Louisiana Tech, which lost its season opener at Texas, had won eight straight games and was atop Conference USA's West Division. Marshall, leading Conference USA's East Division, went from a two-point home favorite earlier in the week to 4¹/₂-point favorites by early Thursday morning when VSiN host Pauly Howard first reported on the "Follow the Money" program that a "trusted source" had told him on Wednesday that several Louisiana Tech players would be suspended, including quarterback J'mar Smith, who has completed 65 percent of his passes for 2,483 yards with 14 touchdown passes and just four interceptions.
The problem is that the Louisiana Tech athletic department did not announce the suspensions until Thursday night, so the questions for investigators are: Why didn't the school make the news public earlier? Who knew about the suspensions? Did school administrators (or people they told) place any wagers with that inside information?
Westgate SuperBook director John Murray said on Brent Musburger's "My Guys in the Desert" program on VSiN that sharp bettors were wagering on Marshall against the spread and on the money line (to win straight up) early in the week. Co-host Vinny Magliulo said the same thing happened at the South Point sportsbook. An added wrinkle is that since the Supreme Court overturned PASPA in 2017, legal sports betting is no longer restricted to just the state of Nevada, and there are sportsbooks in Louisiana's neighboring state of Mississippi.
Murray said Westgate adjusted the line to Marshall -7 after the suspensions were announced. Magliulo said the South Point went to -6¹/₂ and the line closed -6.

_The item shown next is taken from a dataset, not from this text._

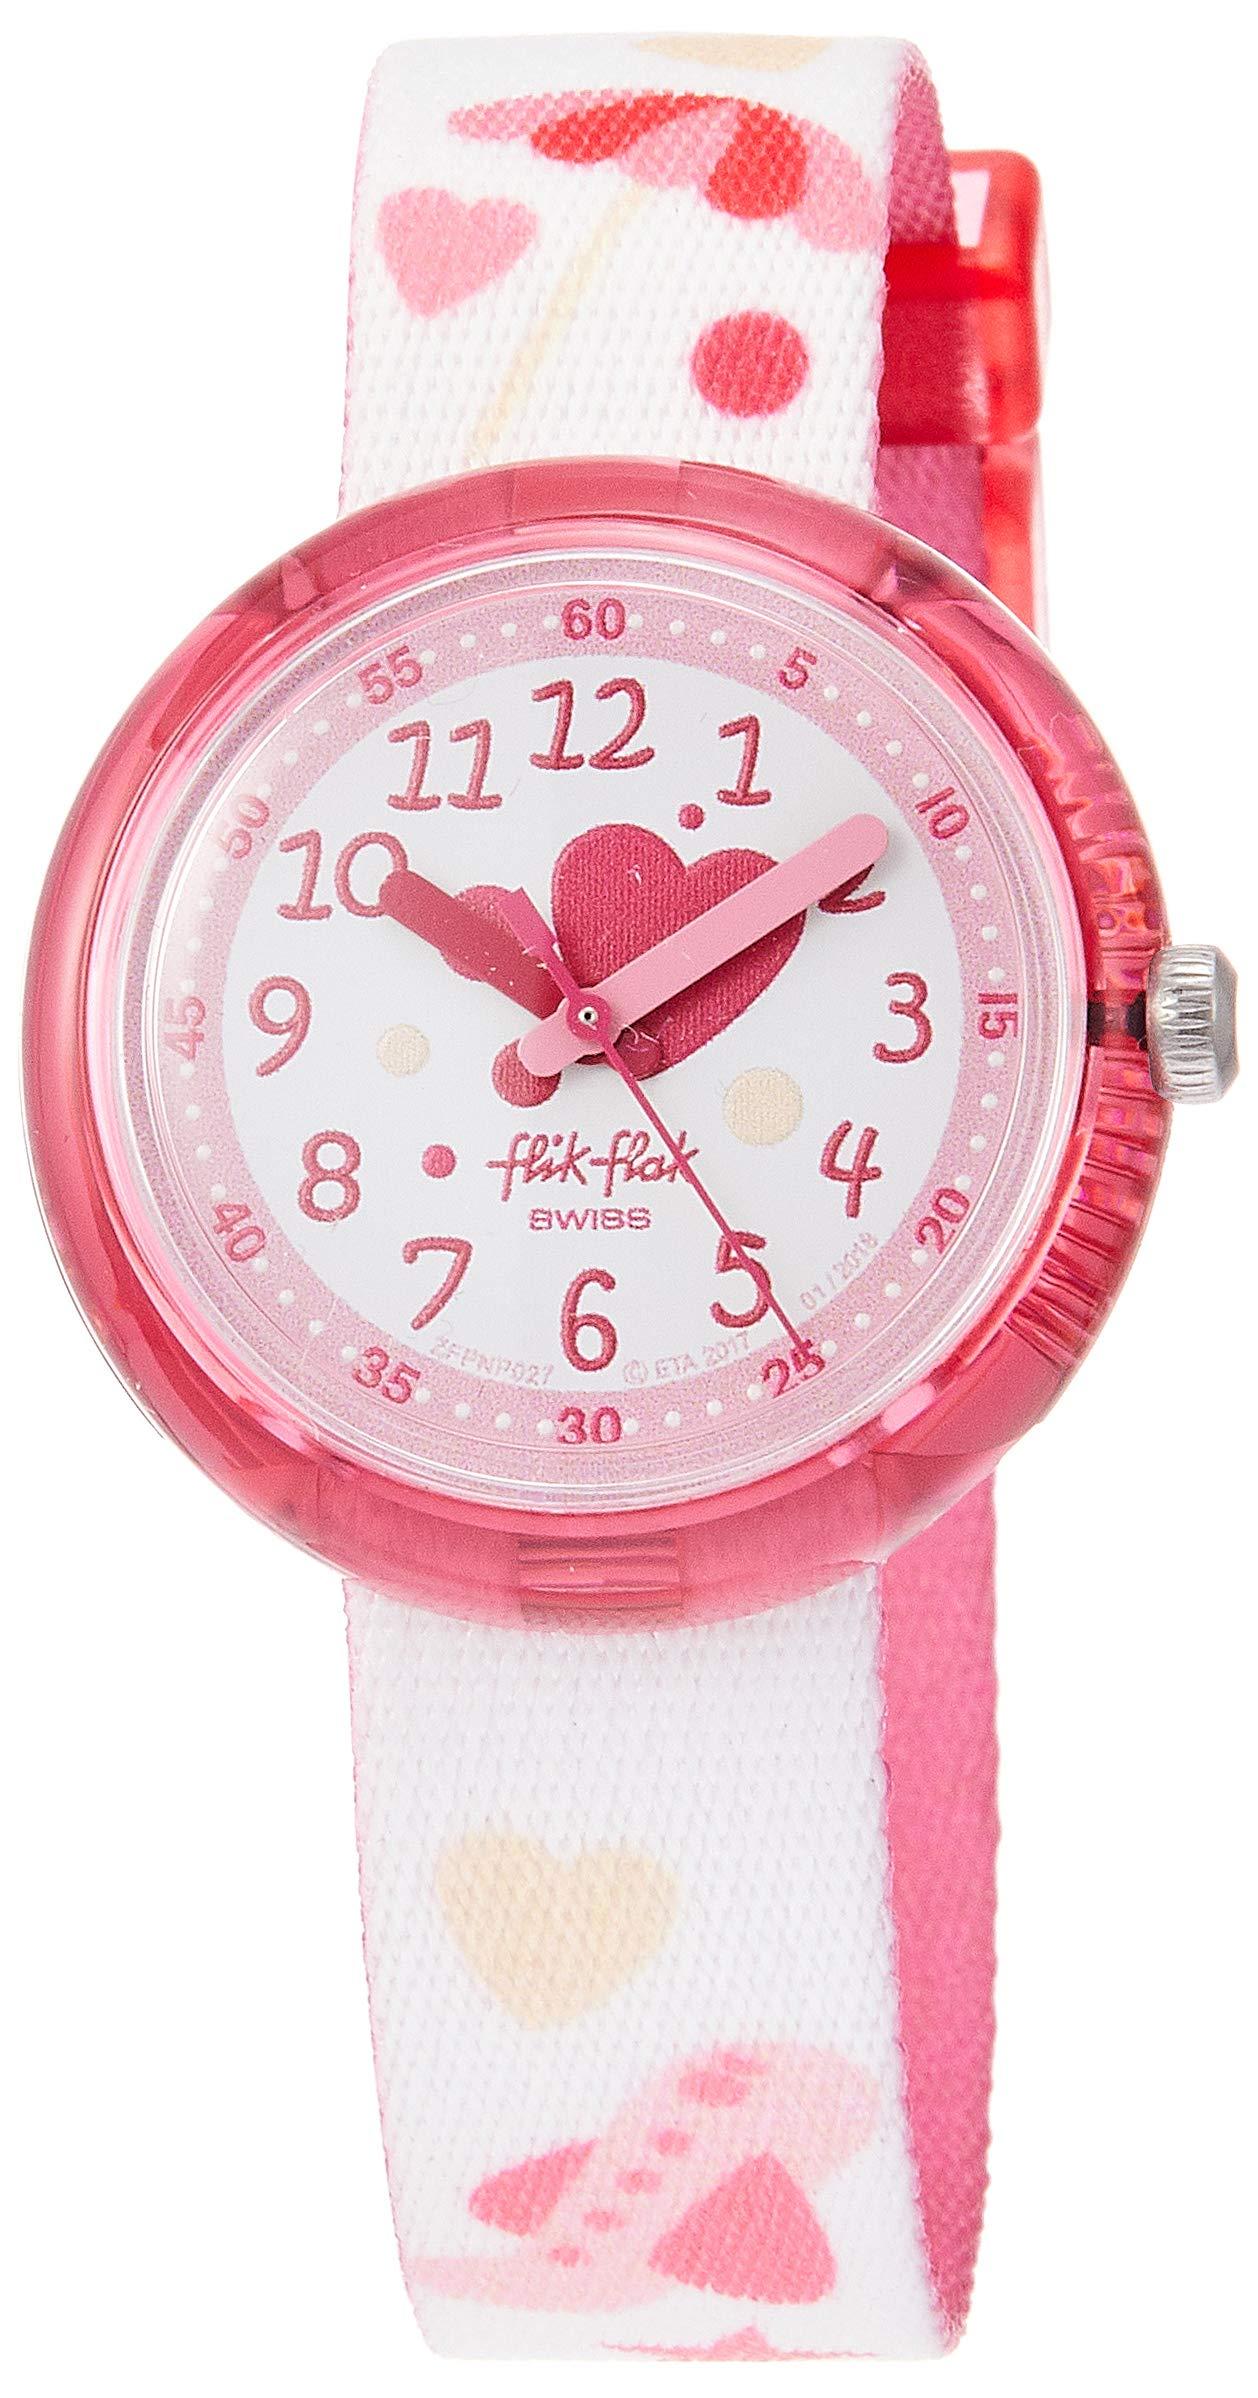 Flik Flak Kids' Quartz Nylon Strap, Pink, 14 Casual Watch (Model: ZFPNP027) by Flik Flak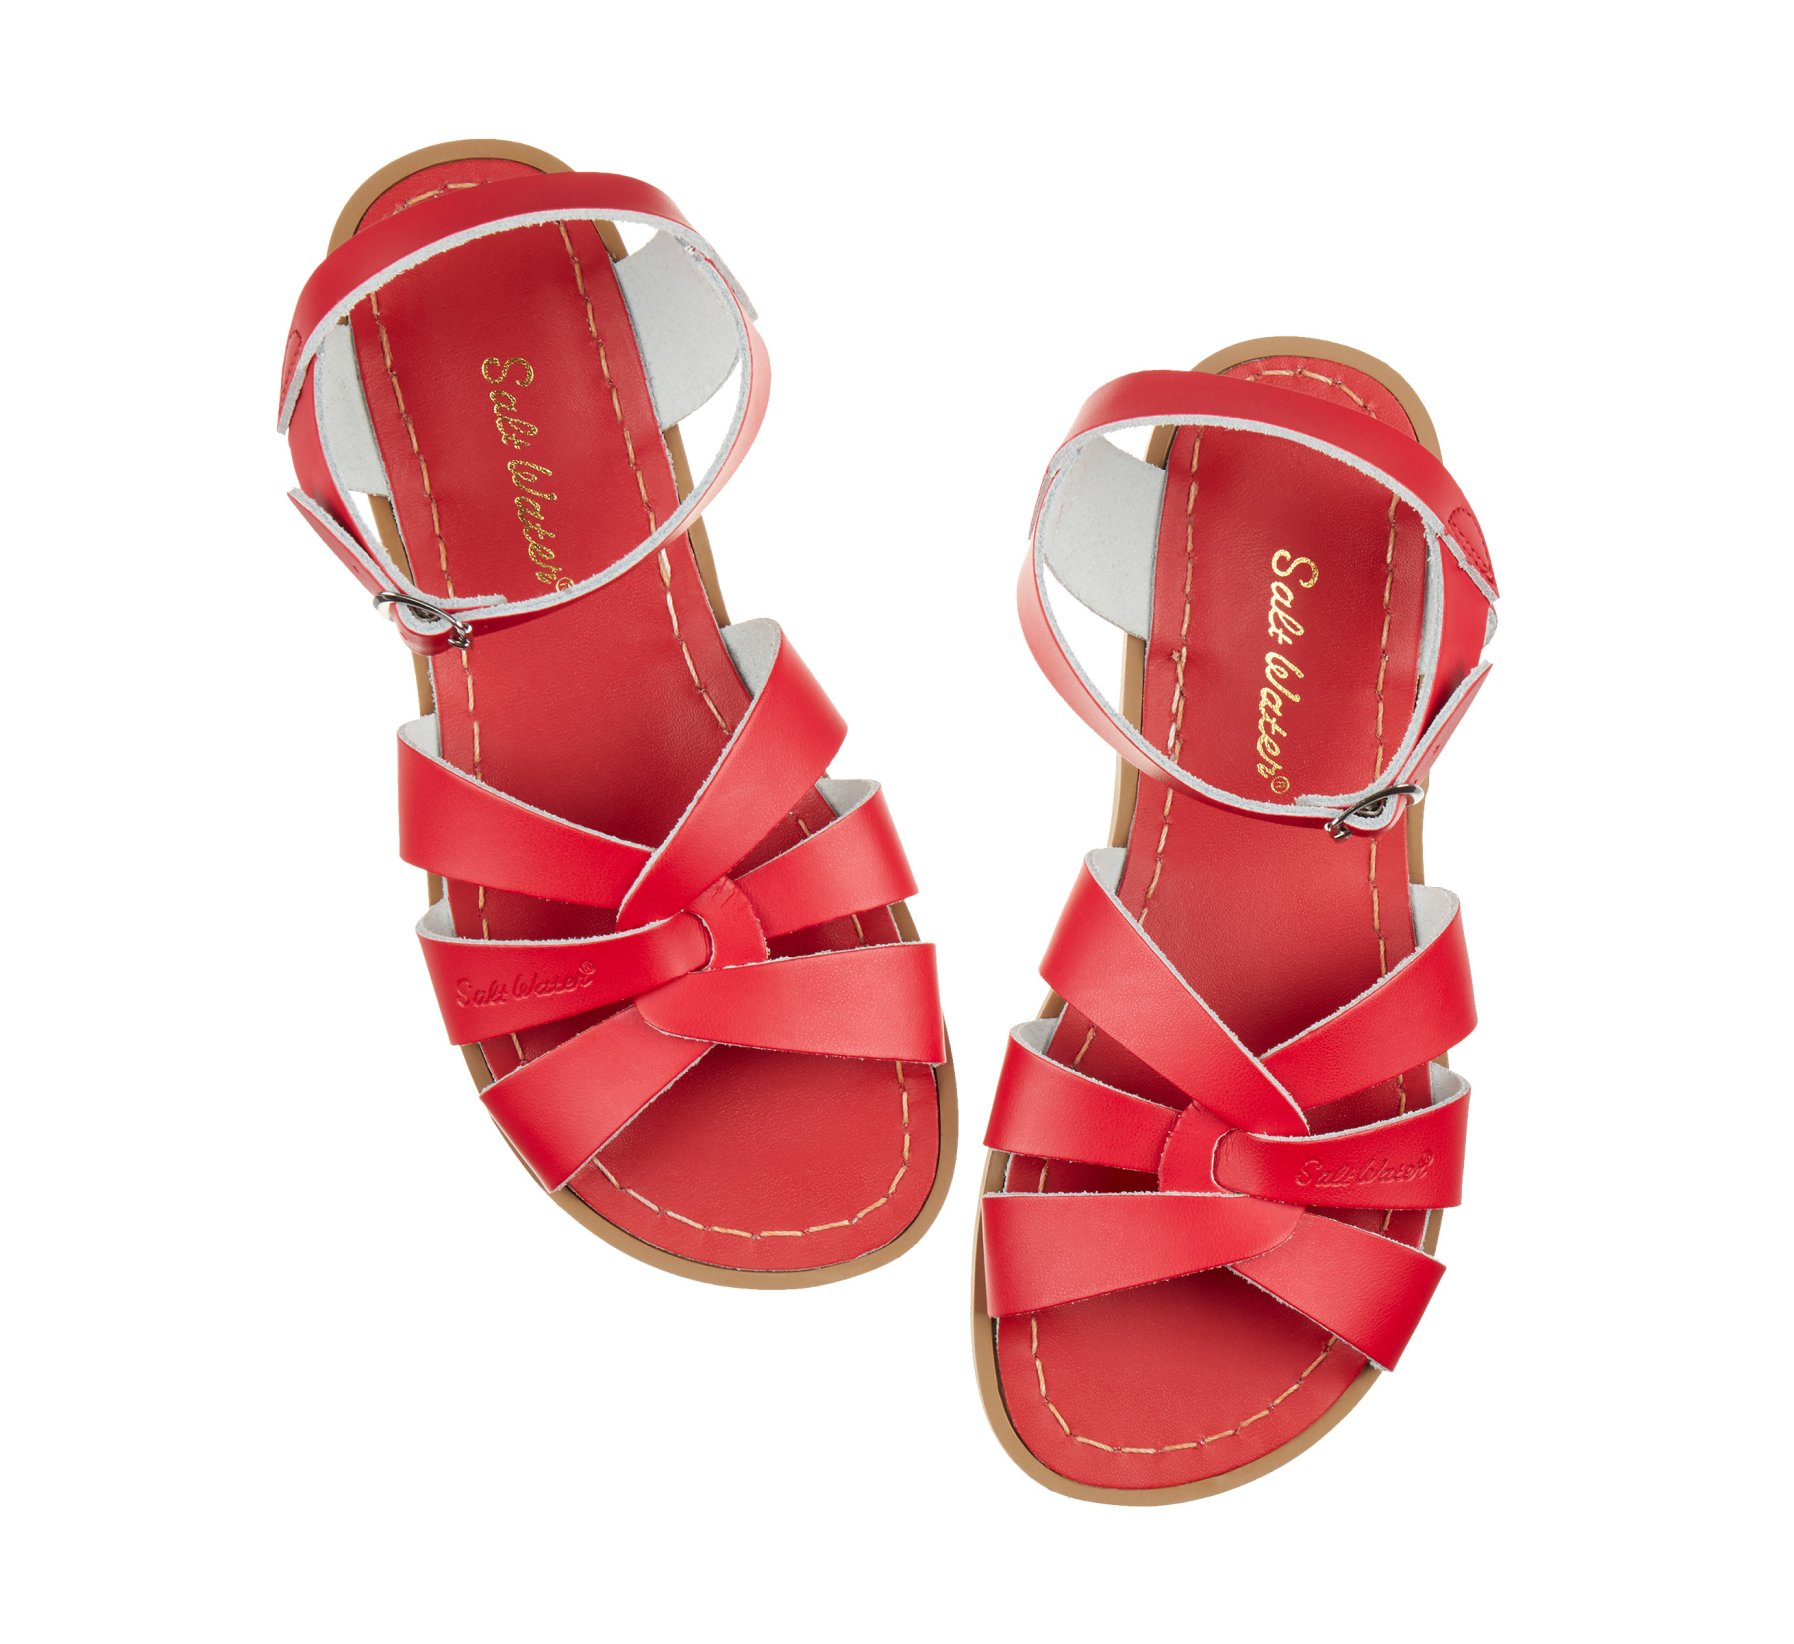 Original in Rot - Salt Water Sandals

Integrity has been a hot topic since legalization, especially as the leagues have been trying to collect "integrity fees" out of sportsbooks' handles. The books have countered that they've been unpaid watchdogs for the leagues for years, including reporting suspicious betting activity that has exposed game fixes -- most notably the Arizona State men's basketball scandal of 1994.
The NCAA came under fire last year because of end-of-game baskets that weren't reviewed, and the NFL had a similar issue last week with the 49ers' touchdown on the Cardinals' desperate lateral play at the end of their game. The NBA is also dealing with how to handle announcements of players missing games due to "load management."
As for the Louisiana Tech situation, Magliulo said: "I think the NCAA could do well from the NFL policy of being more transparent. Integrity is at the forefront of what they want as an institution -- the NCAA and the professional leagues -- it's also at the forefront of what we want. To have the fullest level of integrity, you have to have transparency."
Matthew Holt, president of a sports-betting consulting firm U.S. Integrity, was on Musburger's program Wednesday.
"Part of the problem in the collegiate community is that there hasn't been a policy change from the NCAA since the 2003 'Don't Bet On It' campaign," Holt said. "Think of sports betting in the United States in 2003 and sports betting in the United States in 2019. Those are very different landscapes."
Holt said education and awareness are important to make sure players, coaches and anyone involved with teams deal properly with information such as injuries, suspensions, etc. " 'Don't Bet On It' said, 'Hey, we're oblivious to it' and we need to reform the policy and procedures," Holt said.
"Betting on these games is not going to go away," Musburger said "When there's a suspension, just announce it. So be it."